Art has always fascinated me, from my first Introduction to Art History course in college to visits to museums in the United States and Europe. I love the way works of art reveal the thoughts and emotions of the artist, as well as their culture and the historical period. As a docent at the Seattle Art Museum (SAM), I shared my enthusiasm with schoolchildren and adults. I was a touring docent for more than fifteen years, providing information on exhibits of European and Asian art, twentieth-century American art, Chinese porcelains, Japanese textiles, Buddhist art, and the works of Van Gogh and Mondrian.

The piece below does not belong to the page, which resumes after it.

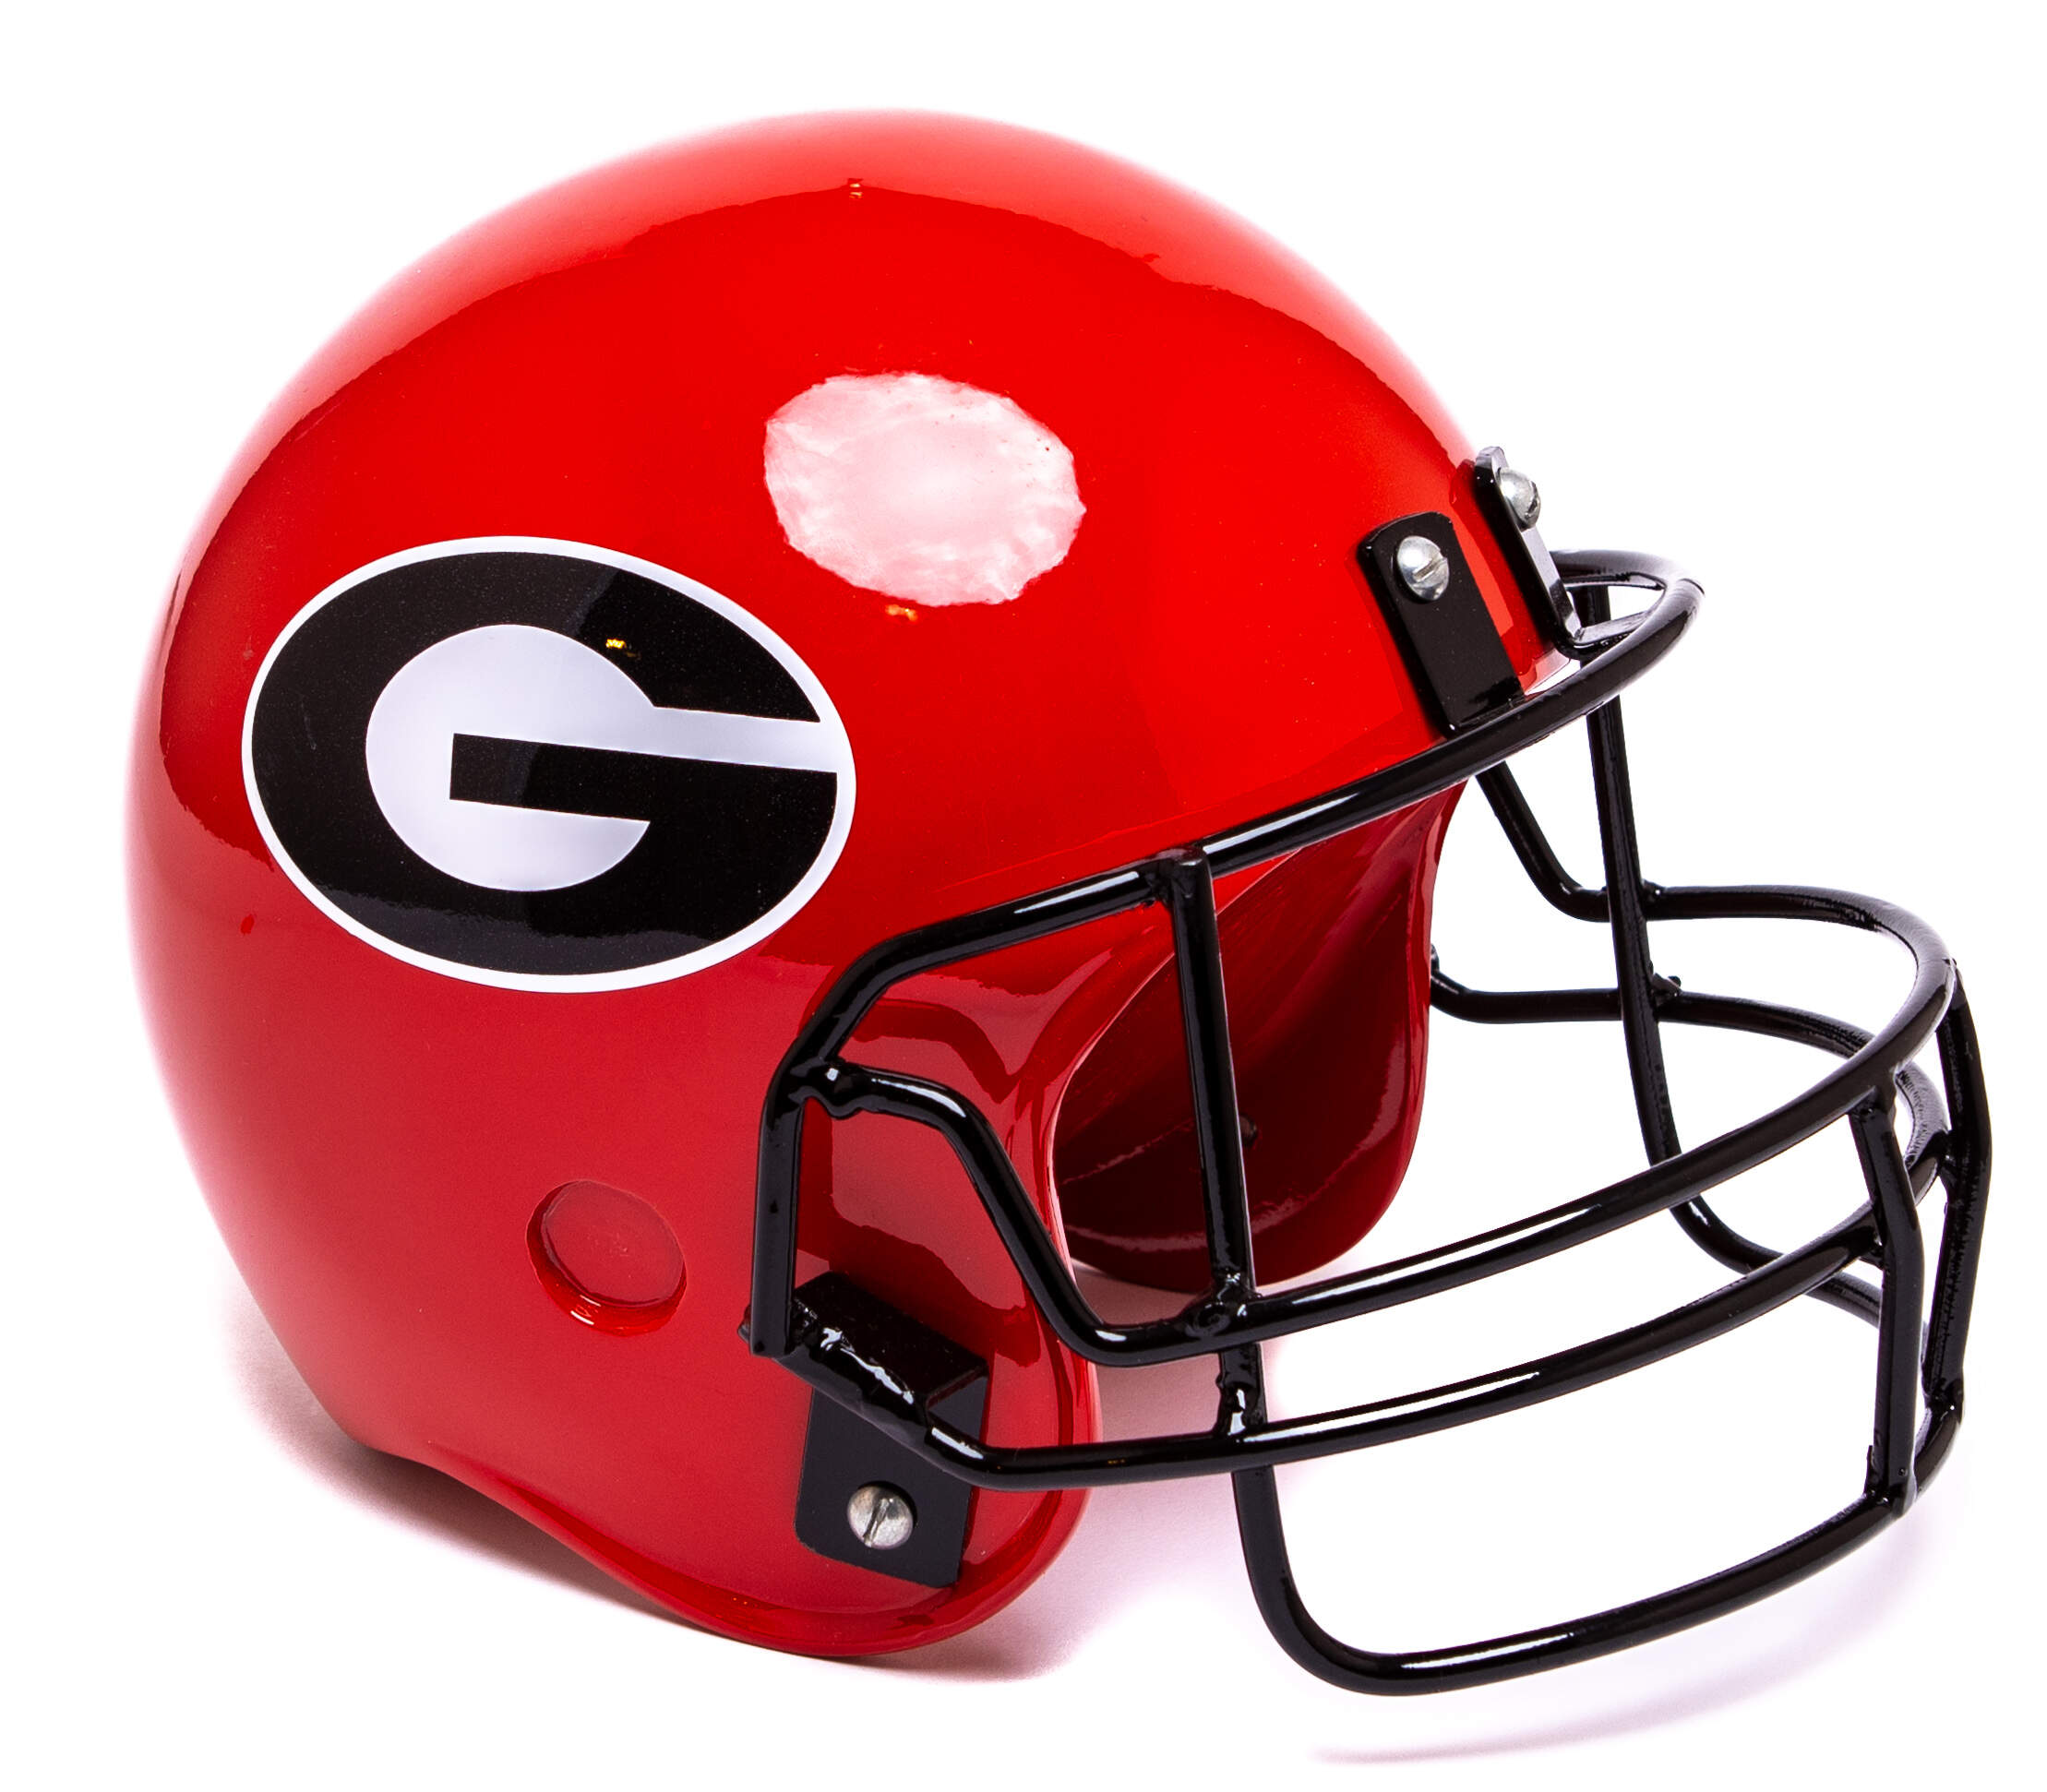 The Georgia Helmet

We talked about why the art was made, who made it, the techniques used, and the life of the artist and how that life was reflected in the person's work and what it told us about his or her culture. Think of a portrait of a woman by Picasso, Sargent and Cassatt. Each conveys a different perspective on women in their art that reflects on their own culture and, more important, on their own personal identity. Picasso uses bold, jagged lines and a limited palette. His portraits of women are spare and harsh. They are sexual objects. Cassatt's images are soft, with lots of shading and more of a sense of volume and homey colors. Her women reveal the tenderness within a family. Sargent, meanwhile, portrays confident, beautifully dressed, well-to-do women, with lots of attention to detail in the rendering of their hair and fabrics. His women are symbols of their social status.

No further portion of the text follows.